SOF: "Save all HREF's inside LI's in a named UL to a '.txt' File"

Discussions and Tech Support related to website data extraction, screen scraping and data mining using iMacros.
Forum rules
Before asking a question or reporting an issue:
1. Please review the list of FAQ's.
2. Use the search box (at the top of each forum page) to see if a similar problem or question has already been addressed.
3. Try searching the iMacros Wiki - it contains the complete iMacros reference as well as plenty of samples and tutorials.
4. We can respond much faster to your posts if you include the following information: CLICK HERE FOR IMPORTANT INFORMATION TO INCLUDE IN YOUR POST
Post Reply
chivracq
Posts: 9807
Joined: Sat Apr 13, 2013 1:07 pm
Location: Amsterdam (NL)

SOF: "Save all HREF's inside LI's in a named UL to a '.txt' File"

Post by chivracq » Thu Jul 22, 2021 1:53 am

"Interesting Thread on SOF, surprisingly "'Good Quality"... First time I gave a '+1" I think...! (Or one out of 5 max...!)
https://stackoverflow.com/q/68442789/3799241

=> Opening a Parallel Thread on our Forum, @OP from SOF hasn't reacted so far, and I never had a "good" Relationship with that Forum/Site, stupidly Buggy + Monopoly Game about Posting and full of big Ego's controlling the Content... OK, no Comment...! :roll: )

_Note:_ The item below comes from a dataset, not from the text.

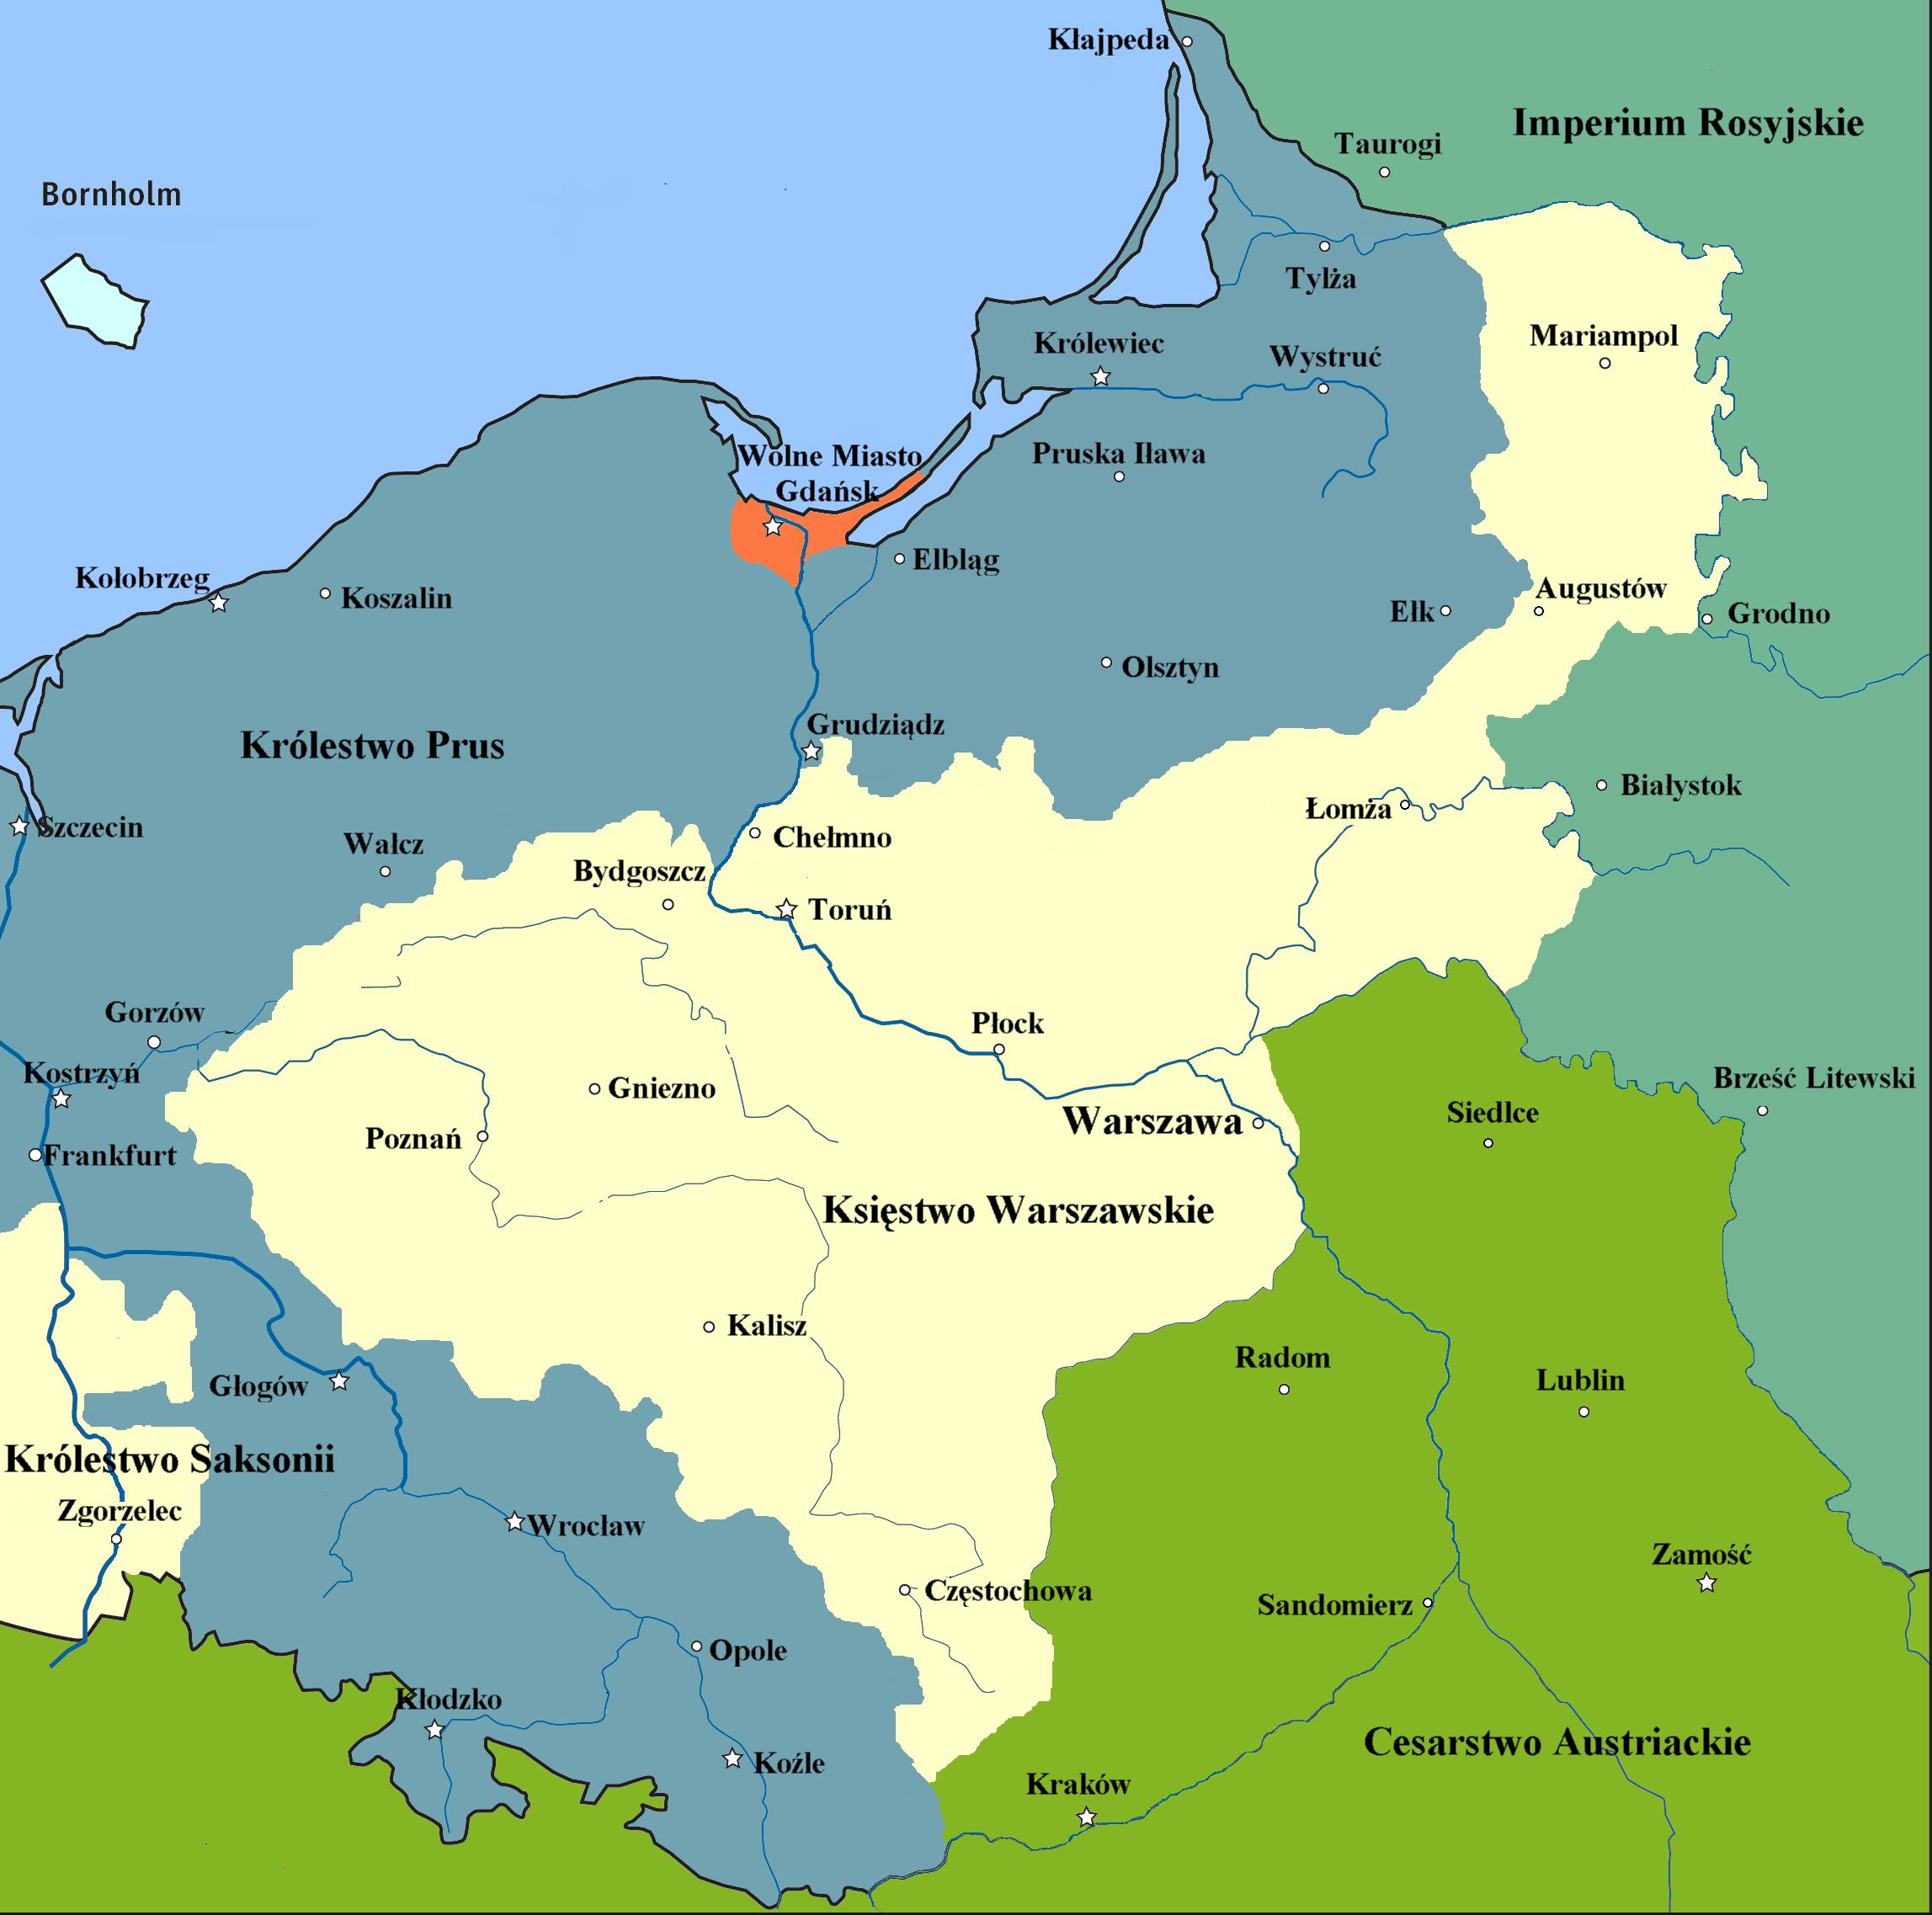 duchy_of_warsaw_1807-1809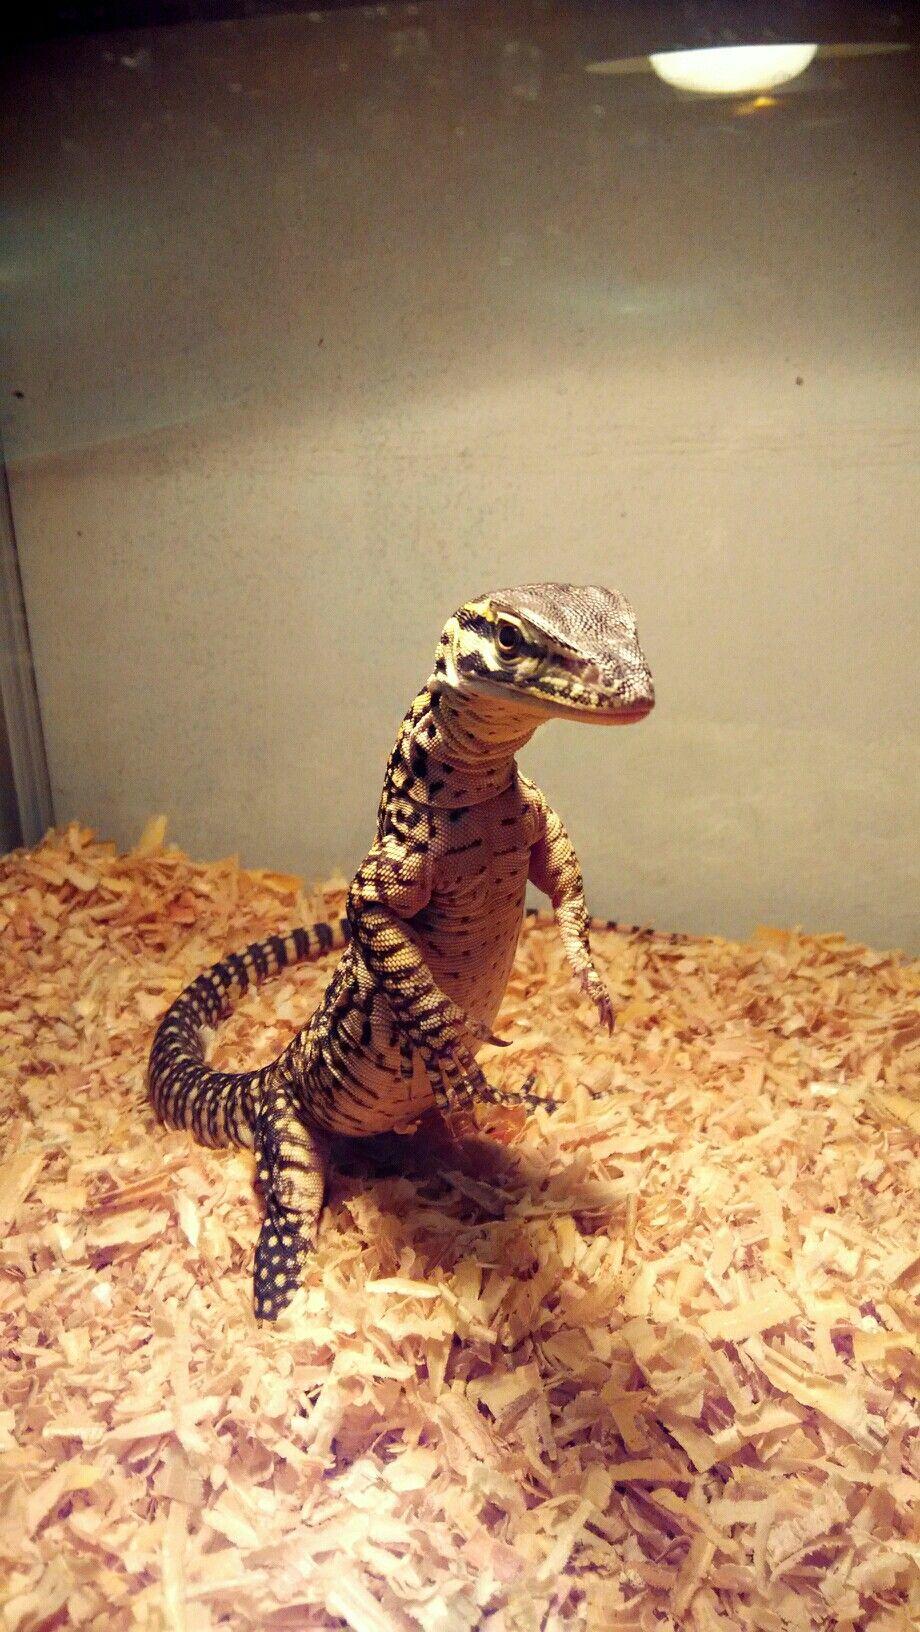 tripod argus monitor / varanus panoptes horni | Pet lizards, Cute reptiles,  Reptiles pet

I started posting an "Answer" on the Site, but I'm "afraid" it will "disappear" very soon, either from the User deleting their Qt once the get their Answer/Script working, or some over-zealous "Cleaning-Bot" or some over-zealous Mod with 10k+ Rep on the Site who won't like my "Free Talking", ah-ah...!
,
How can I save all href values from list items to a text file with iMacros?

I am a newbie to imacros but have version 12.0.501.6698 installed on the PC.

I am trying to extract from the html of a page all the href values located in multiple list items. Then save those URLs into a text file.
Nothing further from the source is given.